DeepCurate

14.04.2020

A Framework for Semi-Automatic Bio-Curation for the SABIO-RK Database

In DeepCurate, a framework is to be developed that supports human experts in the curation of biomedical databases – i.e. in the transfer of life science research results from the specialist literature into a structured, machine-readable form. The starting point is the state-of-the-art workflow developed in the SABIO-RK project. While maintaining or improving the quality of the curated data, the system should reduce the cognitive load on the experts, automate trivial subtasks (such as search) and thereby increase the effectiveness and efficiency of manual curation. DeepCurate uses deep learning methods for which text, image and eye movement data are integrated for the first time.

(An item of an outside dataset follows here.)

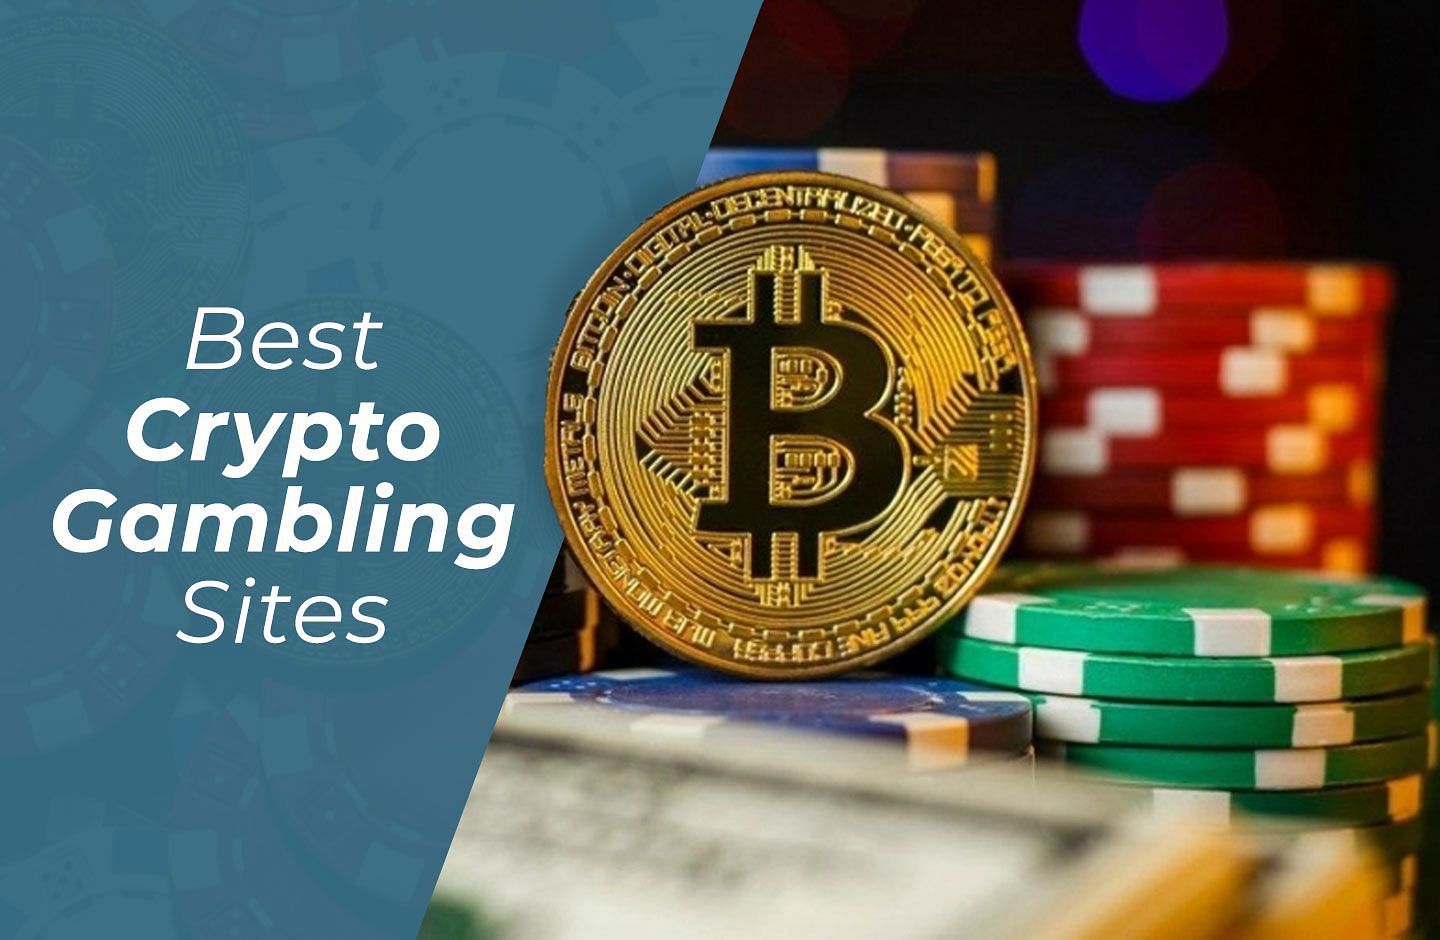 5 Emerging best bitcoin casino Trends To Watch In 2021

Experimental data from biochemical reactions and their reaction kinetic properties are of great importance for research and development in the fields of biotechnology, medical treatment methods or diagnostics. Most of this data is published in conventional specialist literature, where it is optimized for human reading and is not or only weakly structured (e.g. in tabular form). Presently existing methods of automatic language processing (NLP) do not yet have the robustness, coverage and effectiveness to extract this data in the required quality. In order to make the data available in biomedical databases, the current practice in the Bio-DB community is the completely manual extraction and curation by human experts. SABIO-RK is a curated database on biochemical reactions and their reaction kinetic properties.

DeepCurate is a collaborative project between the NLP and SDBV groups at HITS as part of the HITS Lab initiative. The project is funded by BMBF for three years starting in January 2020.